I was therefore happy to see that in The Absolutely True Diary Alexie refuses to play it safe for younger readers and instead offers a moving account of a boy torn between his family and friends on the Spokane Indian Reservation and his decision to attend a primarily-white school off the rez. At once humorous and moving, the novel begs us to view the complex world through Junior’s eyes, and by the end, rather than erasing doubt from a young reader’s imagination, Alexie has somehow managed to leave Junior’s world as frightening, funny, and sad as it began.

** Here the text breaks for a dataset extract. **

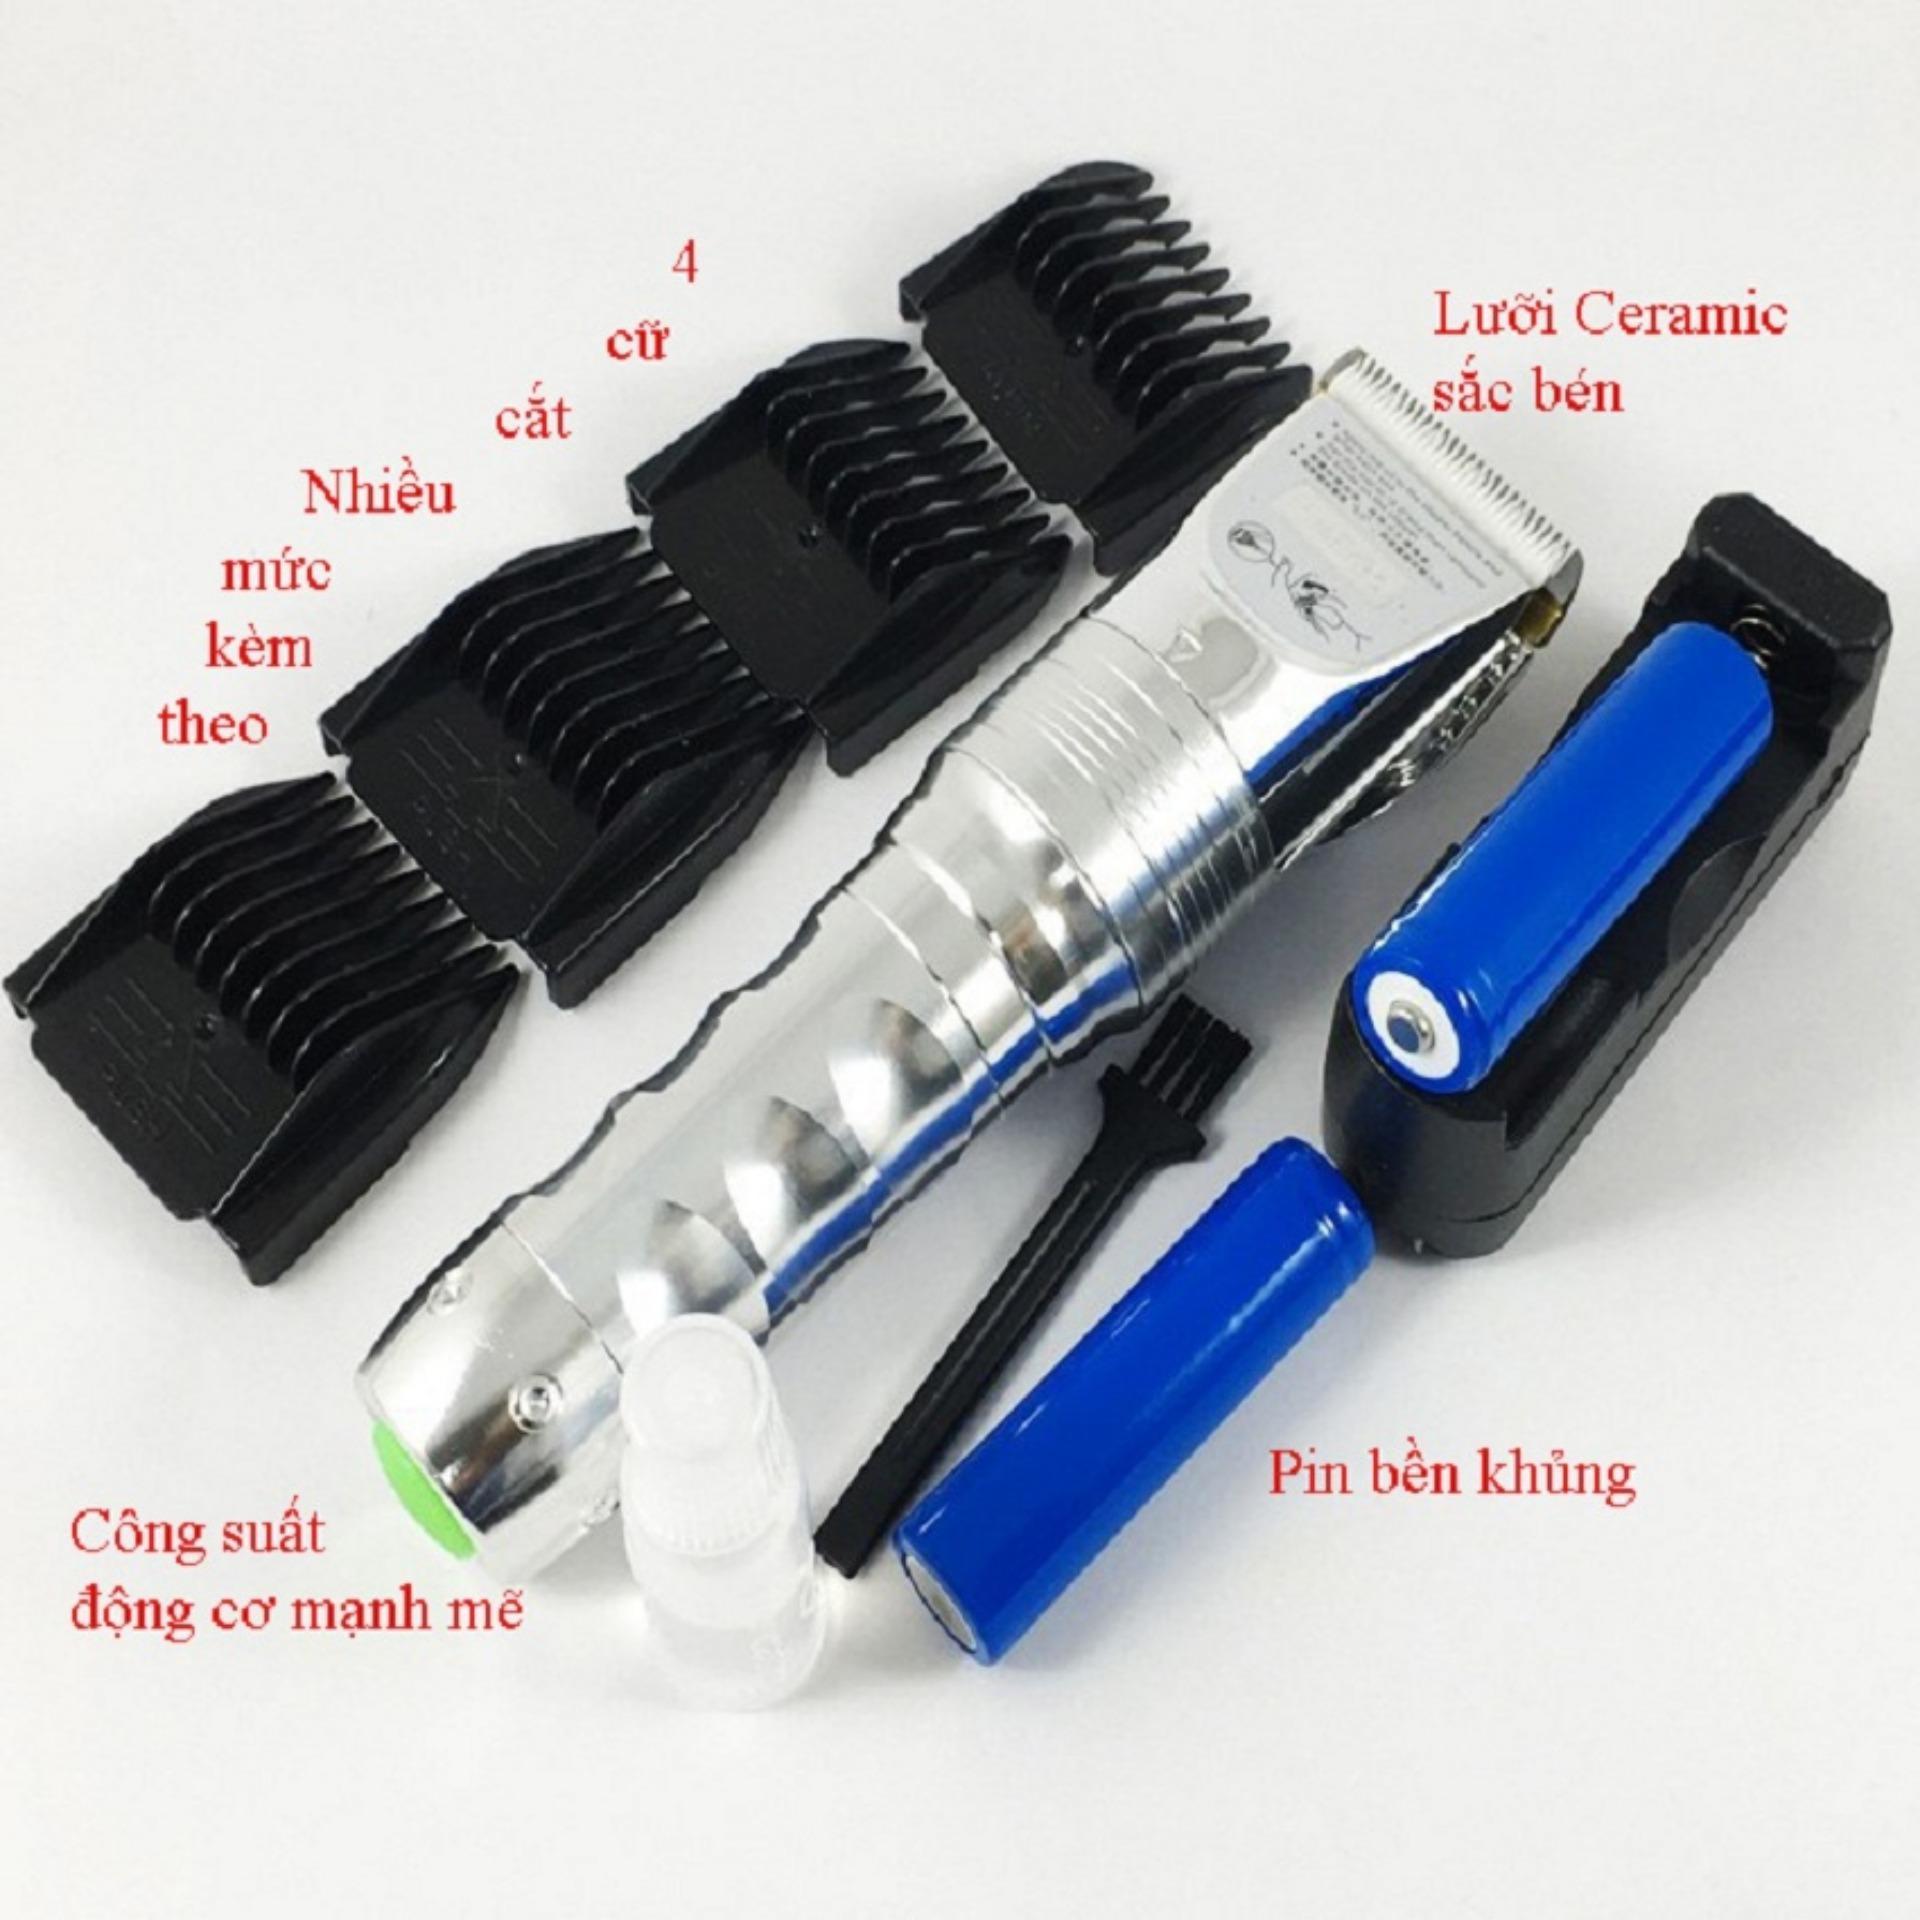 Tông đơ cắt tóc - Tông đơ - Tông đơ cắt tóc trẻ em - Tông Đơ Không Dây Cao Cấp Hai Pin HUEARBO F10 - Gia dụng hot tốt nhất

That is, he concludes the novel convincingly without silencing any of the powerful ambiguities that define his “adult” fiction, which is what I had feared going into this novel.

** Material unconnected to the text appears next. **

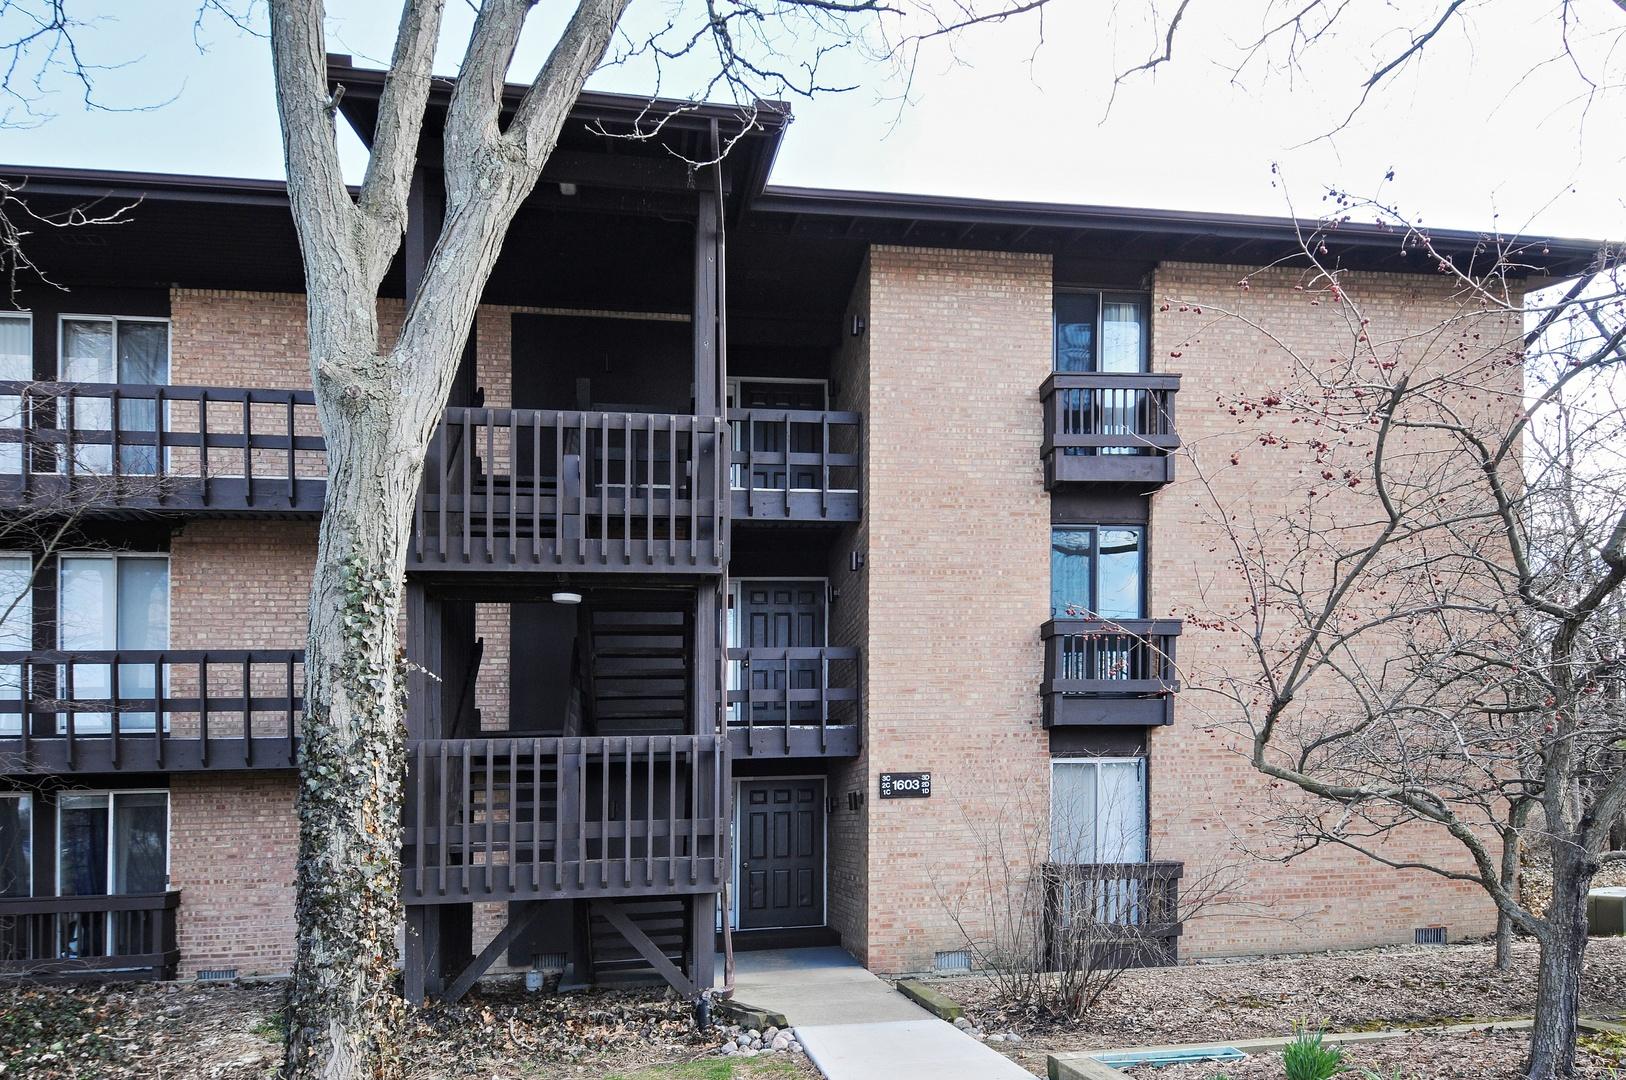 ... 1603 Maple Terrace, #2D, Lisle, IL 60532 ...

I would also add that there is little new here, and while “recycling” material might be a reason to dismiss some writers, for this novel it serves as a welcome addition to the characters and settings that populate Alexie’s canon. We have Junior, of course, who figures into Alexie’s other works, alongside an alcoholic father (sometimes pleasant and other times destructive), a caring if troubled mother, a cluster of friends–drunk and not, friendly and not–and a reservation that is, at once, both home and prison. We have seen these elements before, most notably in The Lone Ranger and Tonto Fistfight in Heaven, but for some reason they remain disturbingly fresh. I can only hope that The Absolutely True Diary serves to introduce a new generation of readers to the power and potential of Sherman Alexie’s writing.

J. M. Coetzee, Waiting for the Barbarians

First published in 1980, this novel, like Gilead years later, won a major literary prize (the Nobel rather than the Pulitzer), and, again like Gilead, it won for a very good reason. Coetzee deftly creates a powerful account of an empire in fear from those beyond its borders, a darker-skinned, shadowy group that supposedly poses a threat both to security and moral righteousness. What I found most powerful about this short novel, though, was its resonances in 2007, and indeed this timeless novel, set in an unknown land, begs us to situate this understanding of threatened power and coercion through fear wherever we may. We all know who the “barbarians” in this novel are, even if this account pushes its different readers around the globe and back and forth through centuries. I strongly recommend this book and wonder if there will ever be a time when it will cease to be so sadly pertinent.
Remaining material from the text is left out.